TASK :: Retype word for word the stretch of entries below from the line that has "Fresh passionfruit whole" through the line that has "Масло gazpromneft premium", and omit the pictures.

PROVIDED DATA ::
╭──
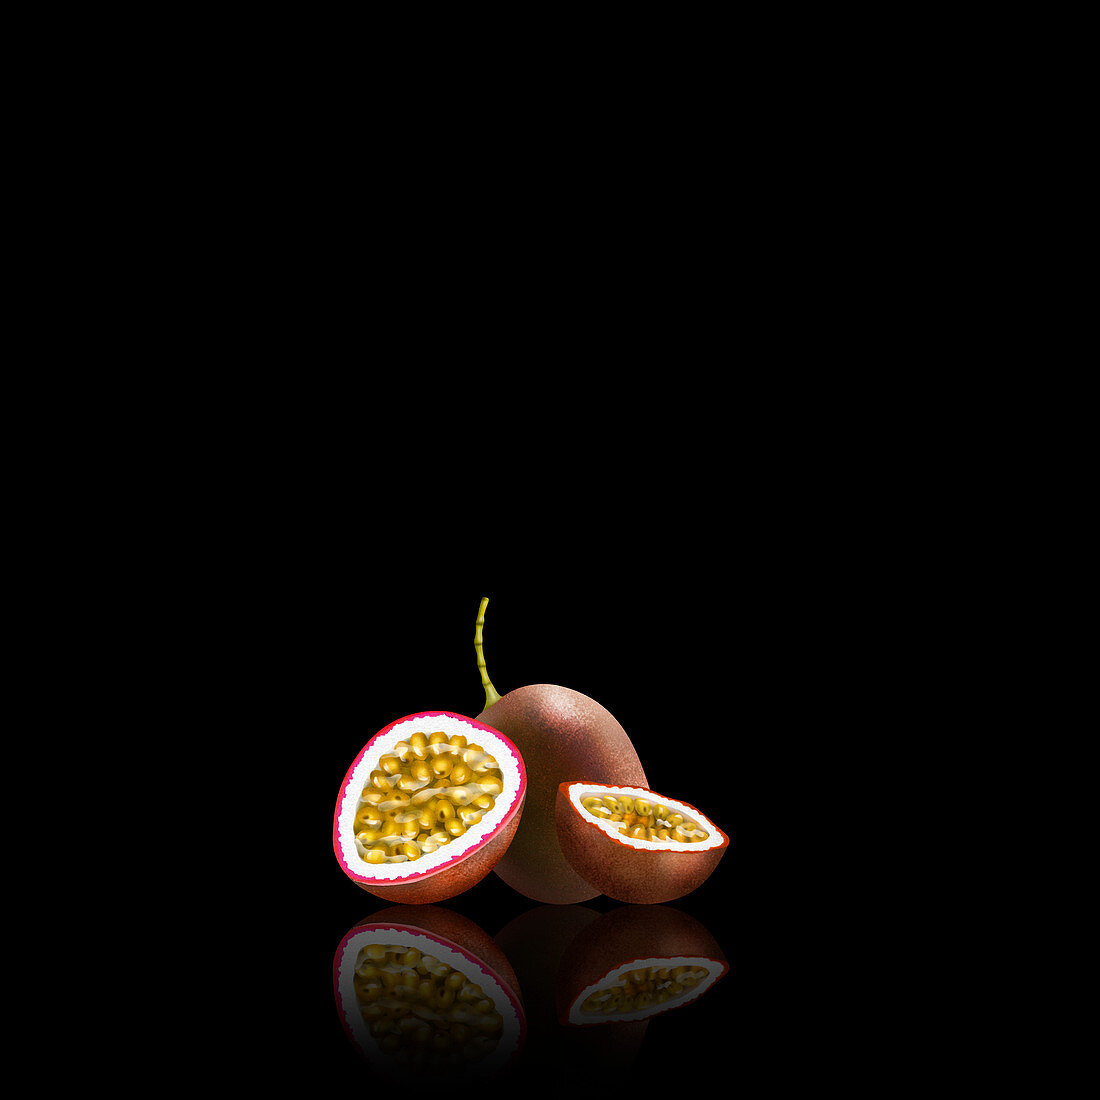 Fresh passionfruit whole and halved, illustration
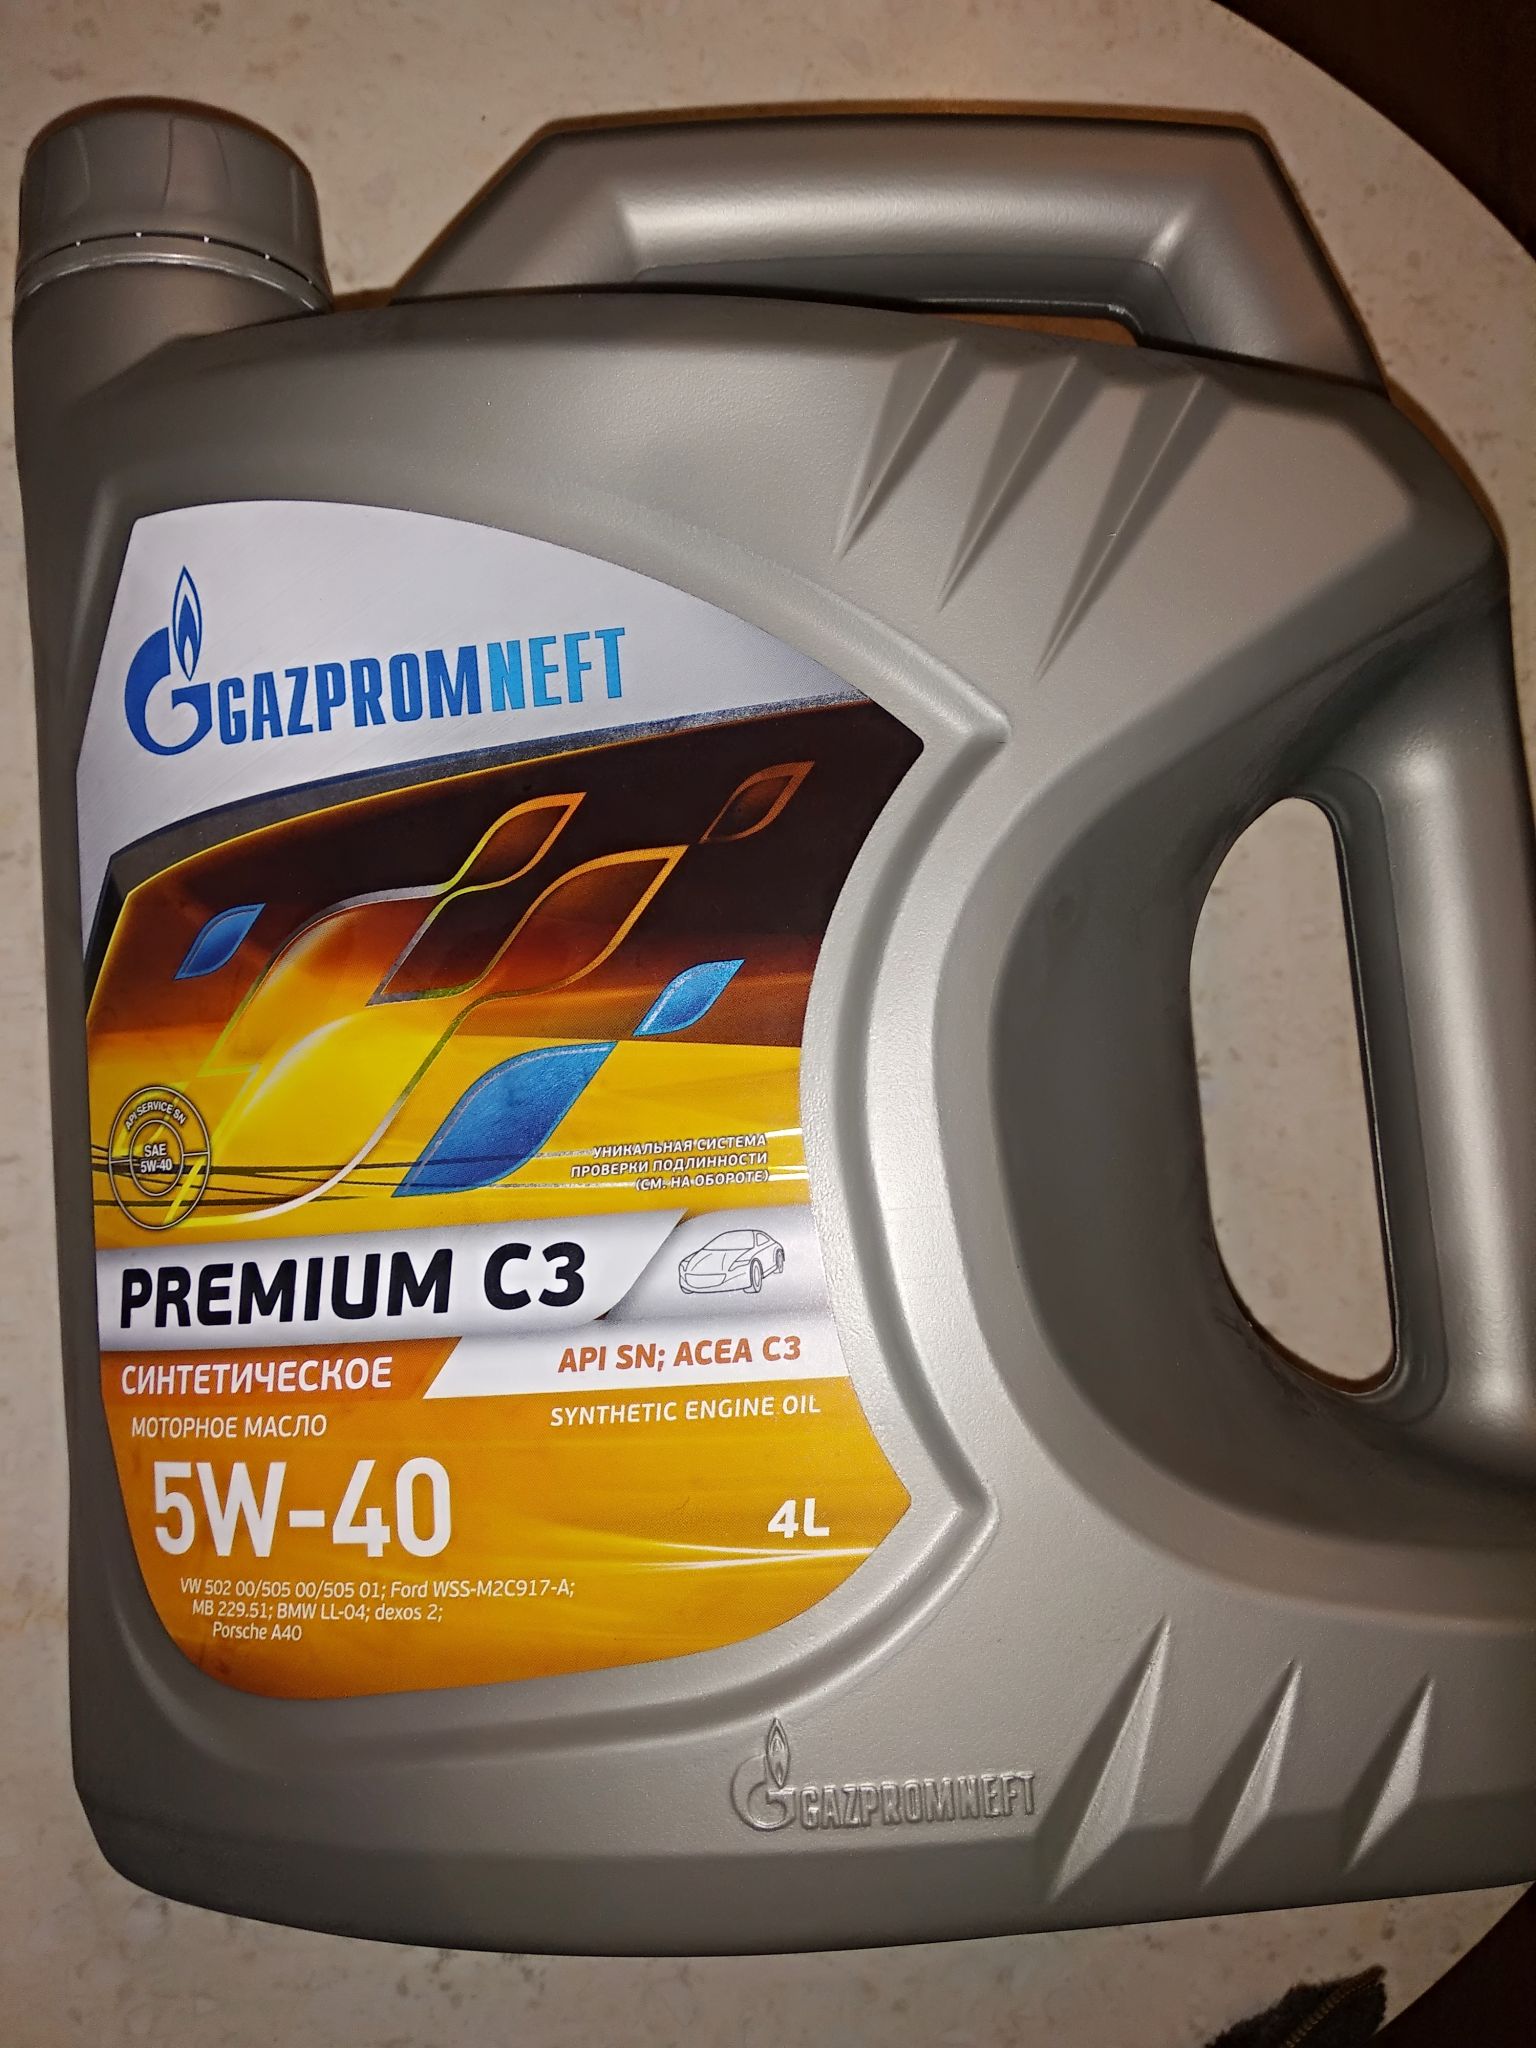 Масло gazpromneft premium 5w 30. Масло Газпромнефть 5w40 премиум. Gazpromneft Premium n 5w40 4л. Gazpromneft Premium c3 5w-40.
╰──
╭──
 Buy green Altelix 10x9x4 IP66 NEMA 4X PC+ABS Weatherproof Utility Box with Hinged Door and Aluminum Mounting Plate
╰──
SOLUTION FOR THIS TASK ::
 Fresh passionfruit whole and halved, illustration
 Масло gazpromneft premium 5w 30. Масло Газпромнефть 5w40 премиум. Gazpromneft Premium n 5w40 4л. Gazpromneft Premium c3 5w-40.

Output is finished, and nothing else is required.